Dublin doctor speaks of grief over death of wife and children in arson attack
Muhammad Taufiq Al Sattar tells mosque he ‘deeply misses’ his ‘beautiful’ family
A local resident says a prayer outside the scene of the house fire in Wood Hill, Leicester, in which Shehnila Taufiq, her teenage sons Jamal and Bilal and daughter Zainab died. Photograph: Rui Vieira/PA Wire
Three women and two men are still being questioned by British police following Friday’s arson attack in Leicester which killed the wife and three children of a Dublin-based surgeon.
The three women, aged 19, 20, and 27 and two men, who are reported to be 19 and 49, were detained by Leicestershire police on Saturday afternoon.
Locals in Wood Hill gathered at a church for an hour of silent prayer to mourn the deaths of Shehnila Taufiq, her teenage sons Jamal (17) and Bilal (15) and daughter, Zainab (19).
On Saturday, Mrs Taufiq’s husband, Dublin-based neurosurgeon Muhammad Taufiq Al Sattar spoke of his grief: “I deeply miss my beautiful wife and three beautiful children.
“What has happened has happened, and nothing can be reversed, but I hope justice prevails and in future this should not happen to any family,” he said.
Speaking outside Jame mosque where he worshipped with his family, Mr Taufiq Al Sattar, who works in Beaumont Hospital in Dublin, and two private clinics, paid tribute to the people of Leicester.
“They made me feel that, despite losing my immediate entire family, the entire community in Leicester is family to me. Thank you very much,” he said, surrounded by fellow members of the mosque.
Earlier, privately, he had spoken emotionally to 1,500 worshippers in the Jame mosque n Spinney Hill, which he and his family joined when they moved to the east midlands city in 2007 for religious education for his children.
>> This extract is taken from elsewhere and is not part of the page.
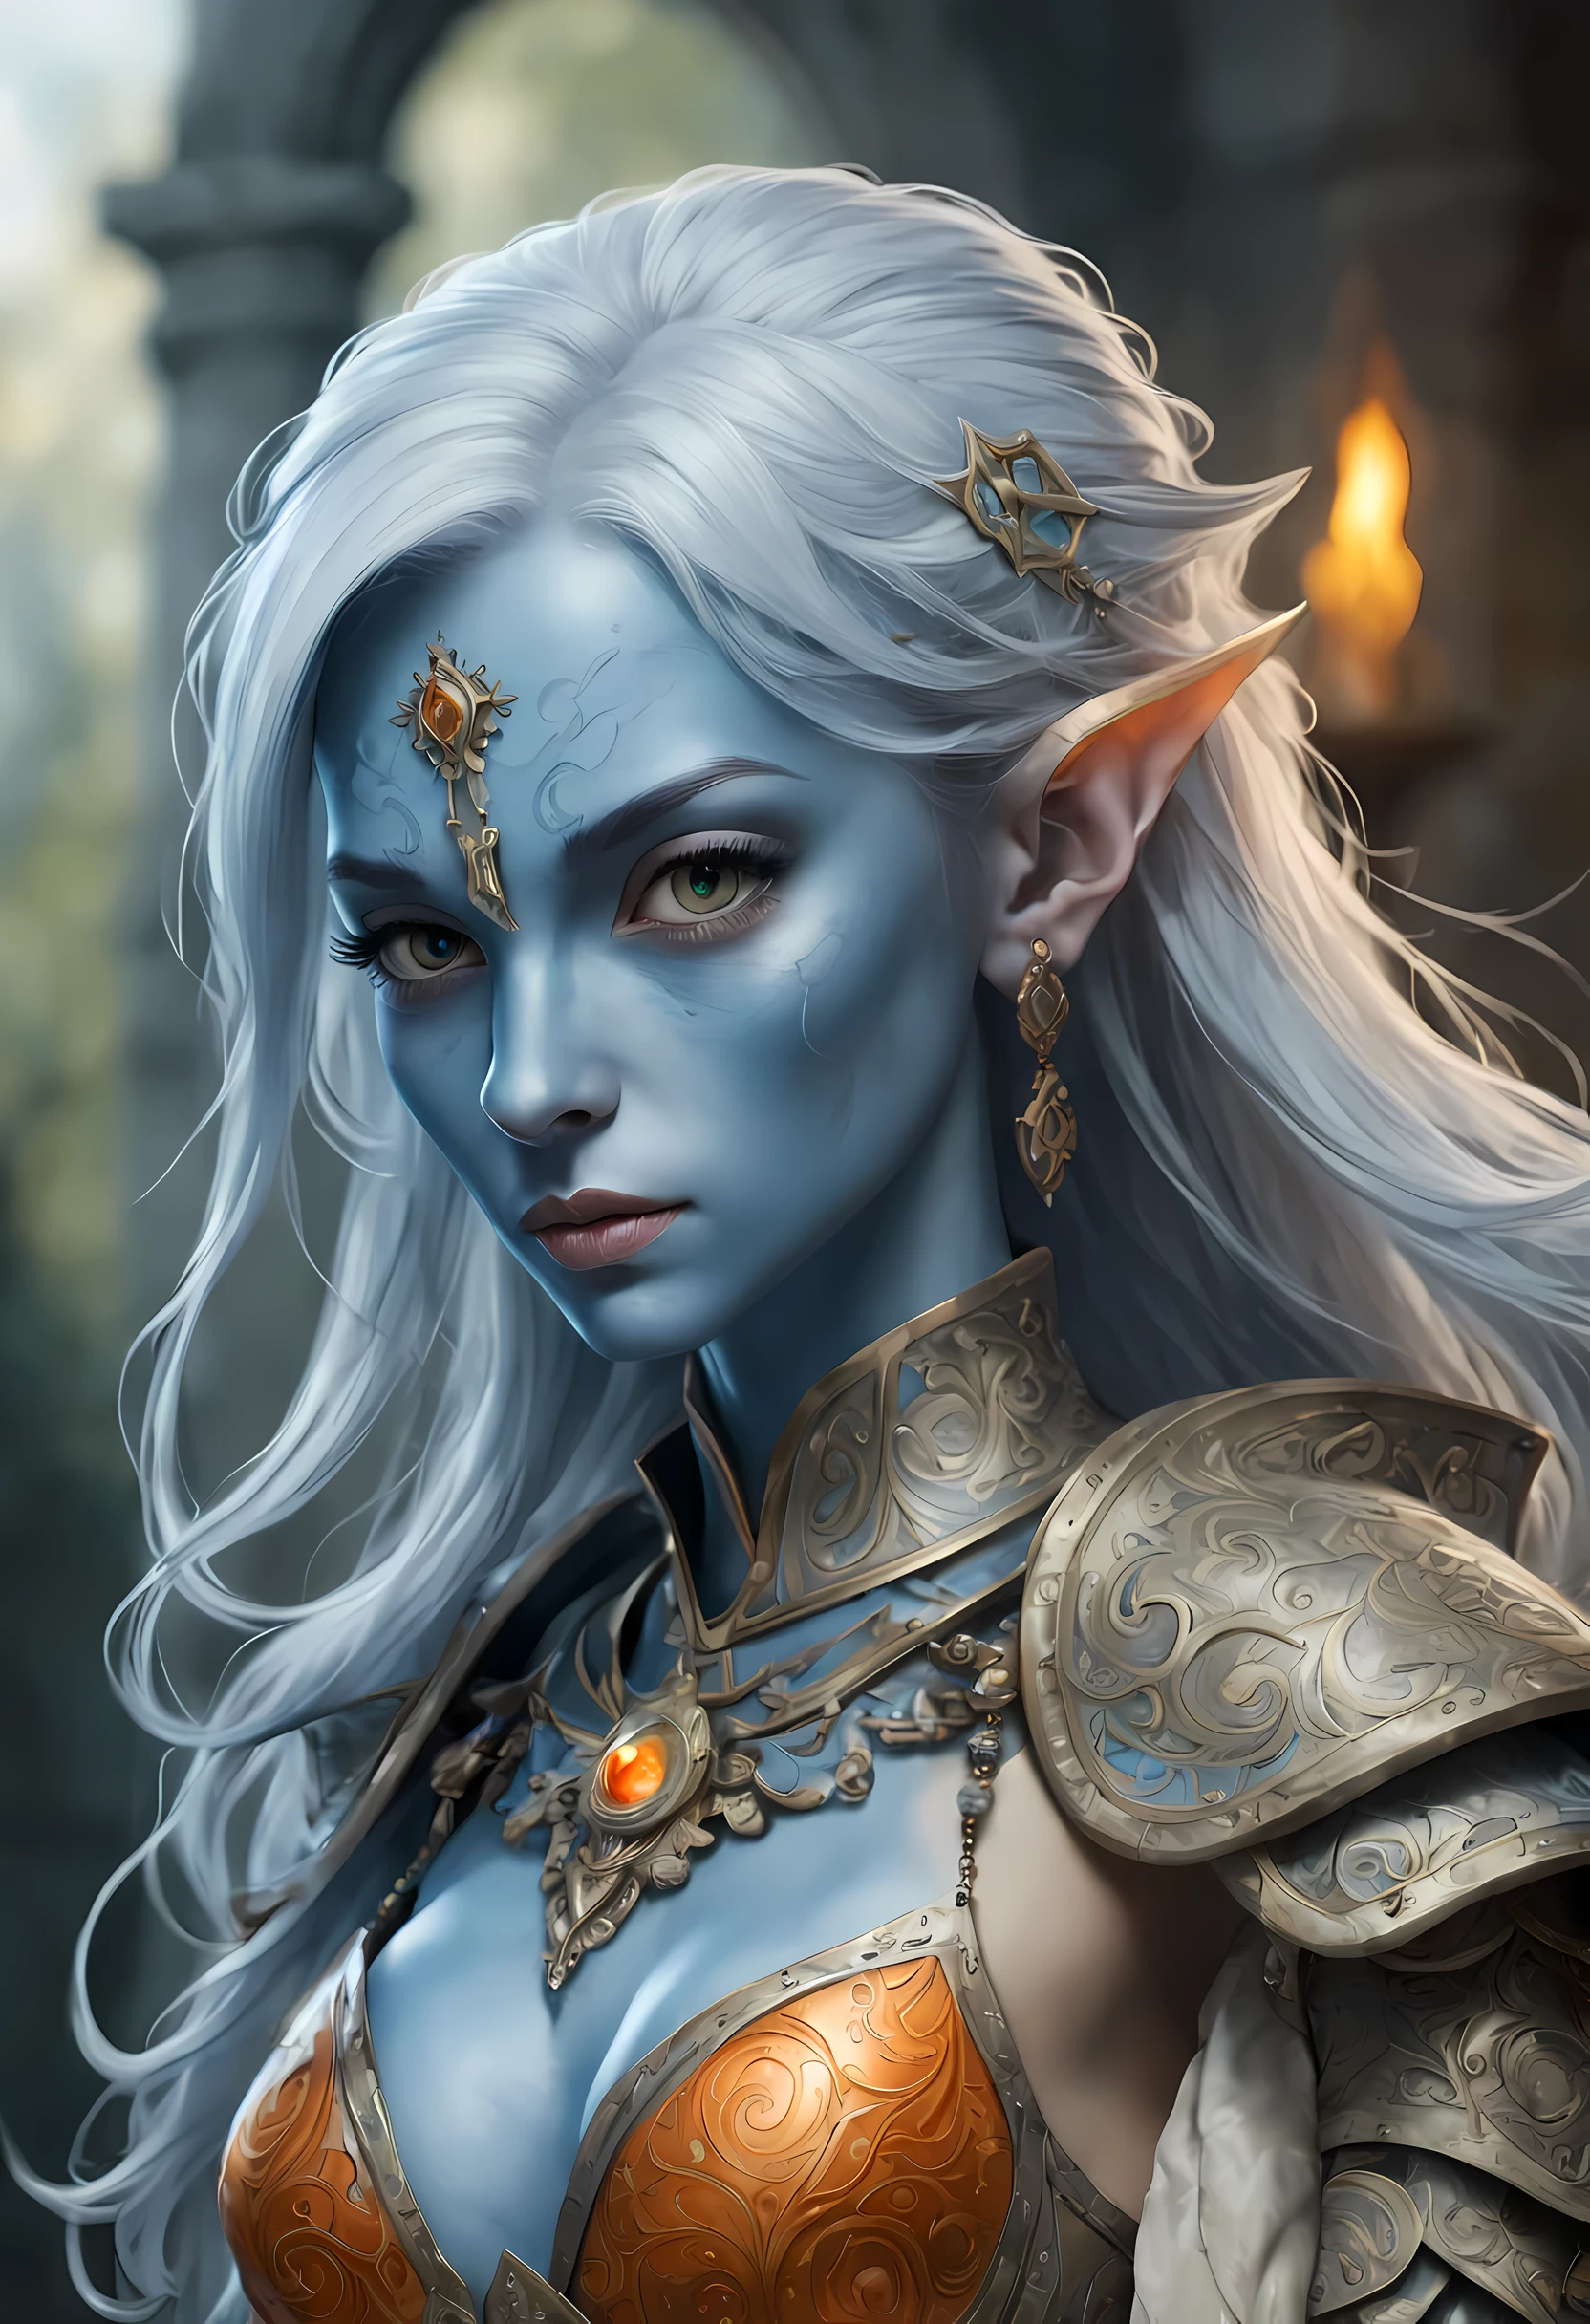 fantasy art, dnd art, RPG art, wide shot, (masterpiece: 1.4) a (portrait: 1.3) intense details, highly detailed, photorealistic, best quality, highres, portrait a female (fantasy art, Masterpiece, best quality: 1.3) ((blue skin: 1.5)), intense details facial details, exquisite beauty, (fantasy art, Masterpiece, best quality) cleric, (blue: 1.3) skinned female, white hair, long hair, (hair hides ears: 1.5), (green: 1.3) eye, fantasy art, Masterpiece, best quality) armed a fiery sword red fire, wearing heavy (white: 1.3) half plate mail armor, wearing high heeled laced boots, wearing an(orange :1.3) cloak, wearing glowing holy symbol GlowingRunes_yellow, within fantasy temple background, reflection light, high details, best quality, 16k, [ultra detailed], masterpiece, best quality, (extremely detailed), close up, ultra wide shot, photorealistic, RAW, fantasy art, dnd art, fantasy art, realistic art,((best quality)), ((masterpiece)), (detailed), perfect face,

The mosque’s iman Muhammad Uwais later told reporters: “He was adamant that he will not sit in a corner but carry on his family’s mission of being good representatives of their faith.”
Police continue to investigate links between the deaths of his family and that of Antoin Akpom, a black man in his 20s, who died after being brutally attacked on Friday evening on a nearby street.
However, assistant chief constable Roger Bannister said: “There is absolutely no evidence to suggest those who died in the fire, or indeed anyone else who lives in that property, was involved.”
Three people, a 19-year-old man and two women of the same age, were detained for questioning on Saturday in connection with the murder of Mr Akpom, though the two women were later released without charge.
Forensic examination of the burnt-out home, where Mrs Taufiq and her children were found dead in an upstairs bedroom having been overcome by noxious smoke, continues.
Meanwhile, the family and friends of Mr Akpom, a soccer coach, mourned his death: “He was my baby brother, he was my best friend, and my right arm,” said his sister, Liane Murray.
His football club, Leicester Nirvana FC, held a minute’s silence at all of their teams’ games at the weekend in honour of Mr Akpom, who had hoped to train to be a teacher.
In a statement, his family said he had been “a loving and devoted father and a hard-working young man’, recognised locally for being a role model for the young.